** Exercise details **
Restate each line below word for word, skipping every picture.

** Provided material **

§

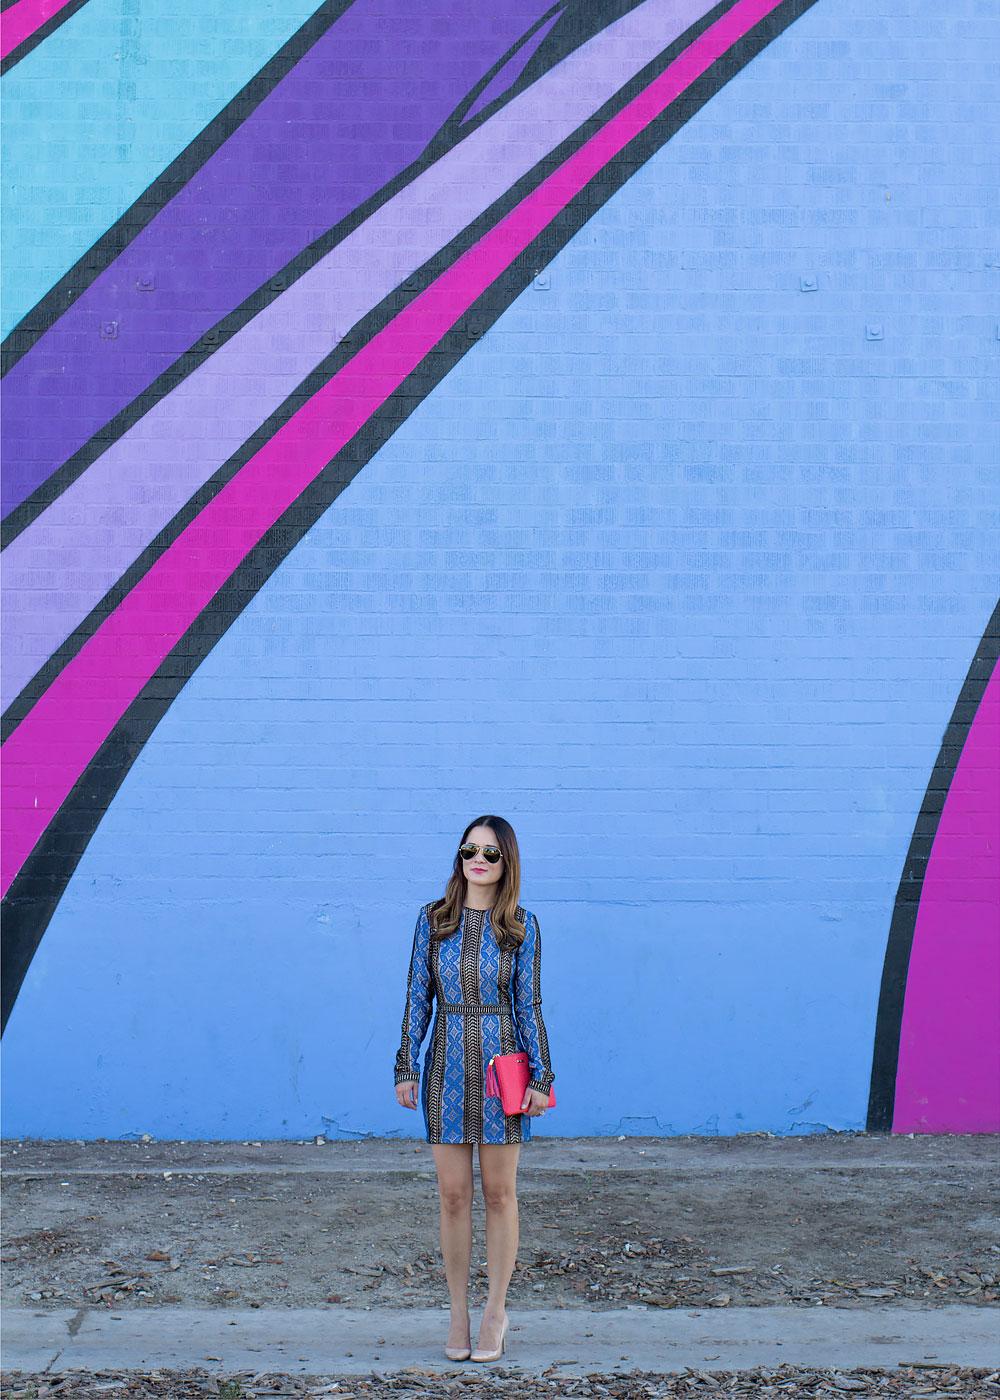 North Hollywood Colorful Mural Wall
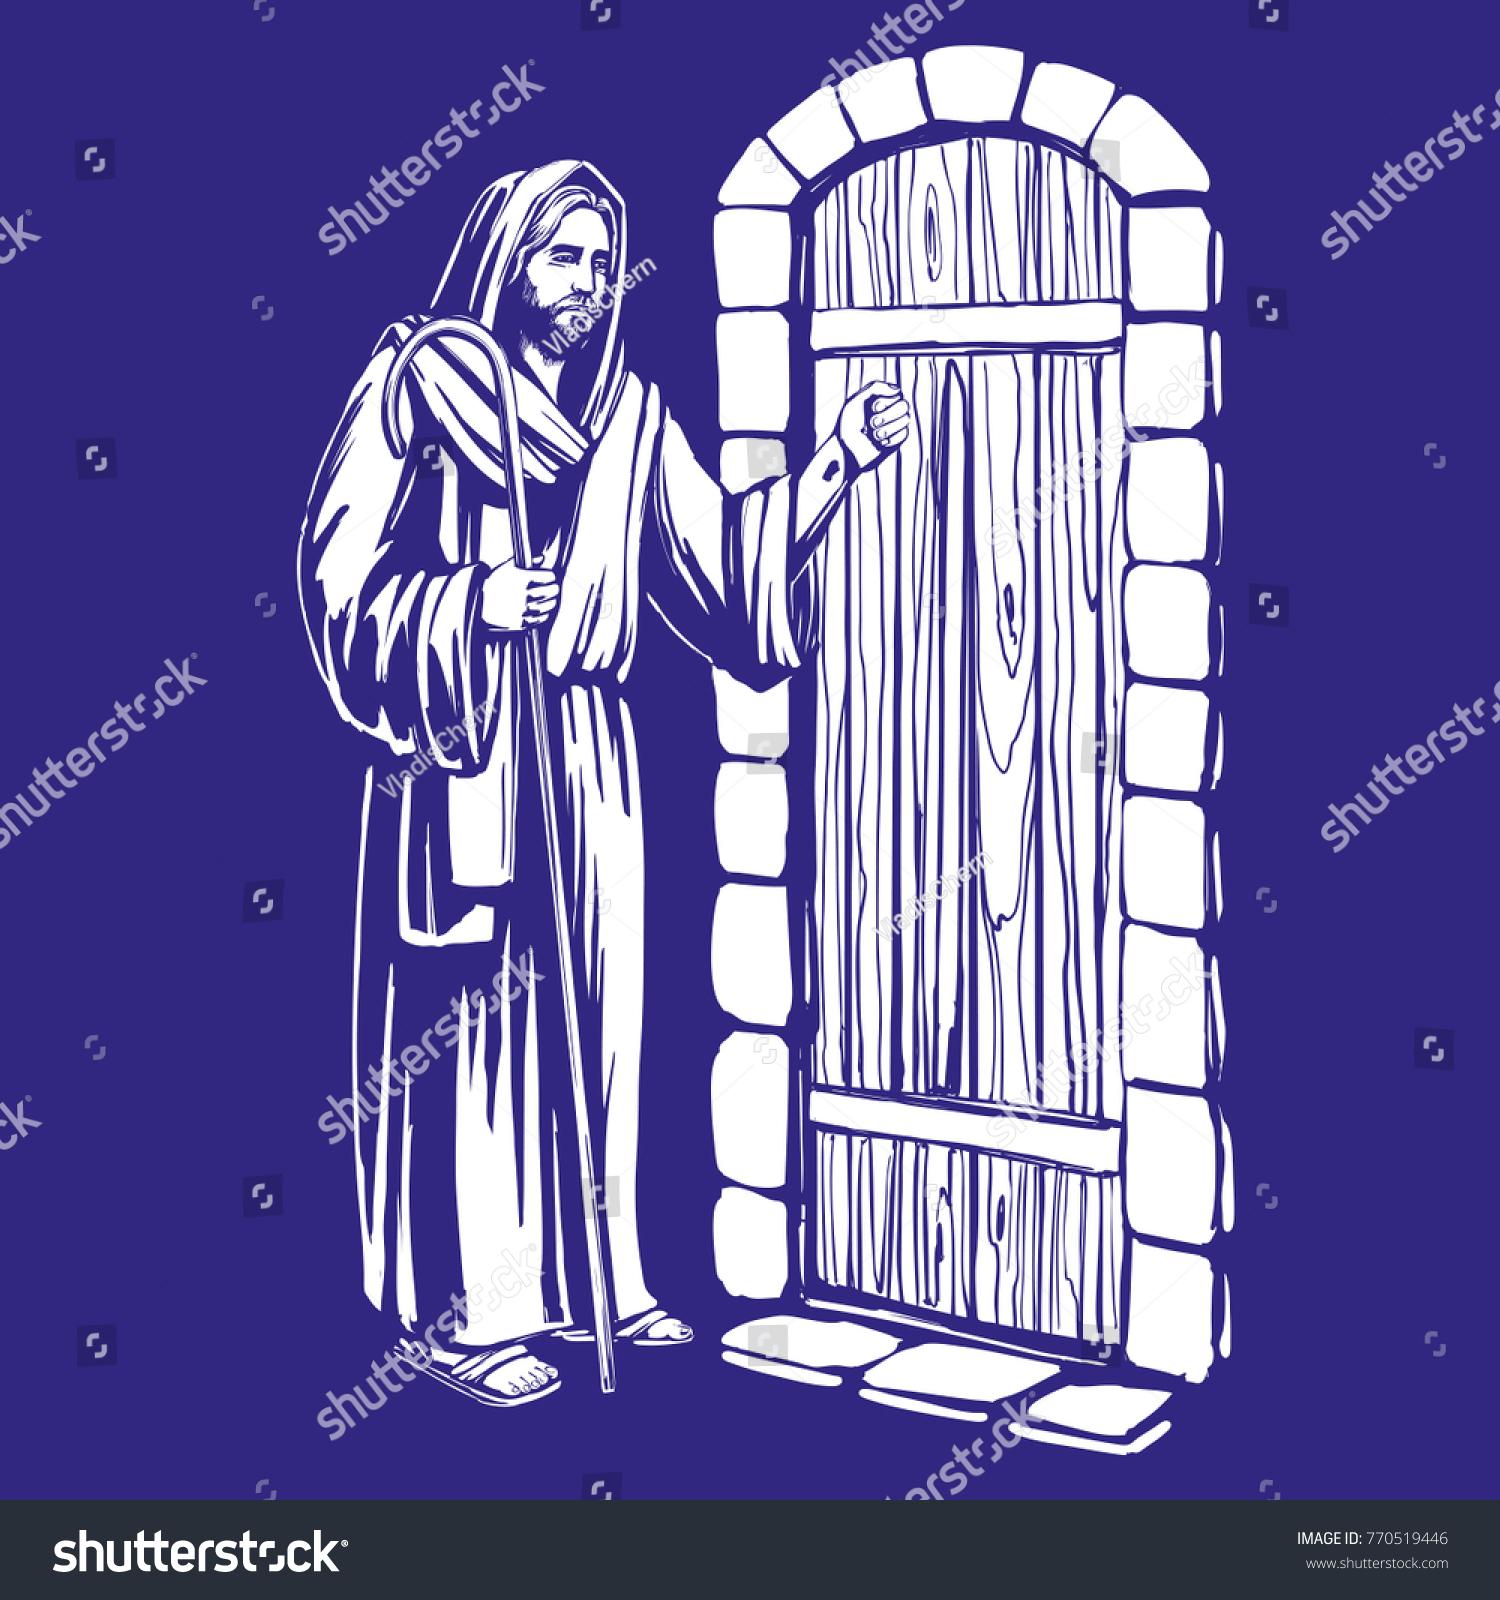 Jesus christ son god knocking door stock vector royalty free jesus christ son of god knocking at the door symbol of christianity hand drawn altavistaventures Gallery
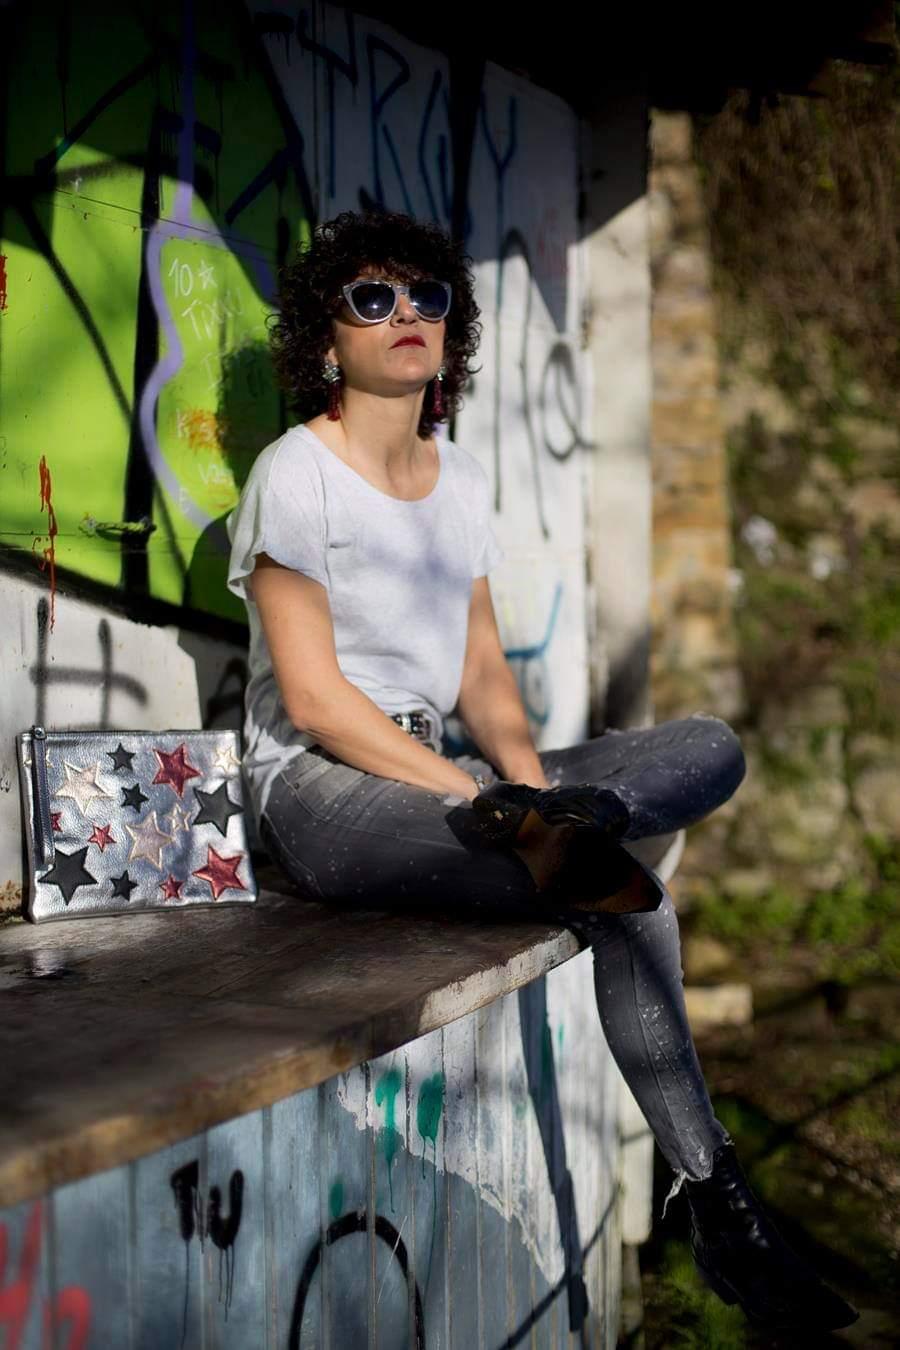 Rebeca Valdivia, asesora de imagen, personal shopper, estilista, stilist, influencer, Donostia, San Sebastián, Miss Clov, la blogger indie, influencer, cowgirl, Jeans, Denim
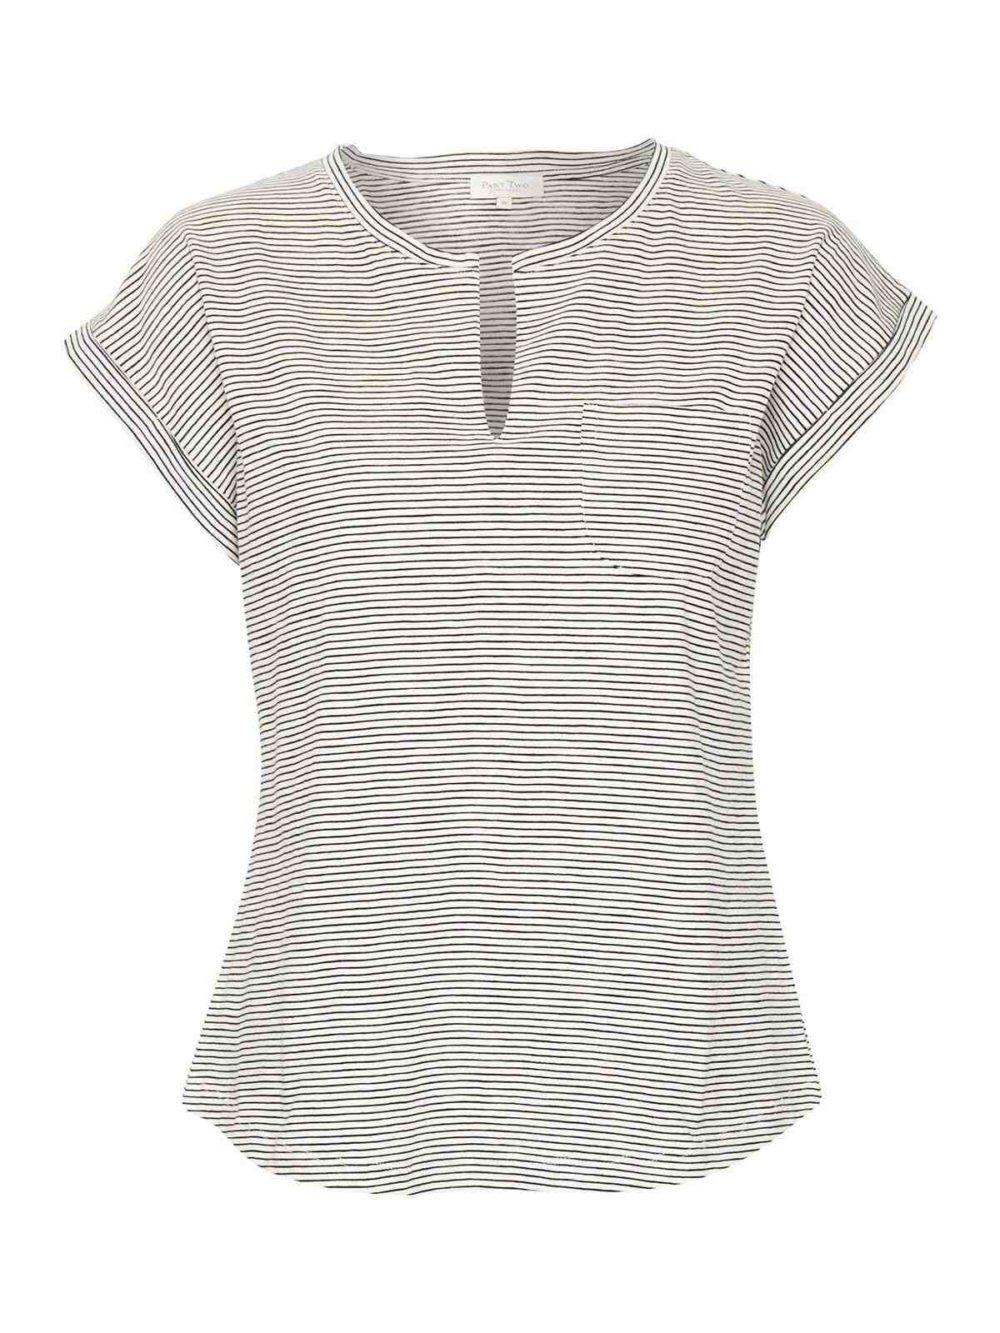 Kedita T-shirt Part Two Katie Kerr Women's Clothing

§

** Exercise solution **
 North Hollywood Colorful Mural Wall
 Jesus christ son god knocking door stock vector royalty free jesus christ son of god knocking at the door symbol of christianity hand drawn altavistaventures Gallery
 Rebeca Valdivia, asesora de imagen, personal shopper, estilista, stilist, influencer, Donostia, San Sebastián, Miss Clov, la blogger indie, influencer, cowgirl, Jeans, Denim
 Kedita T-shirt Part Two Katie Kerr Women's Clothing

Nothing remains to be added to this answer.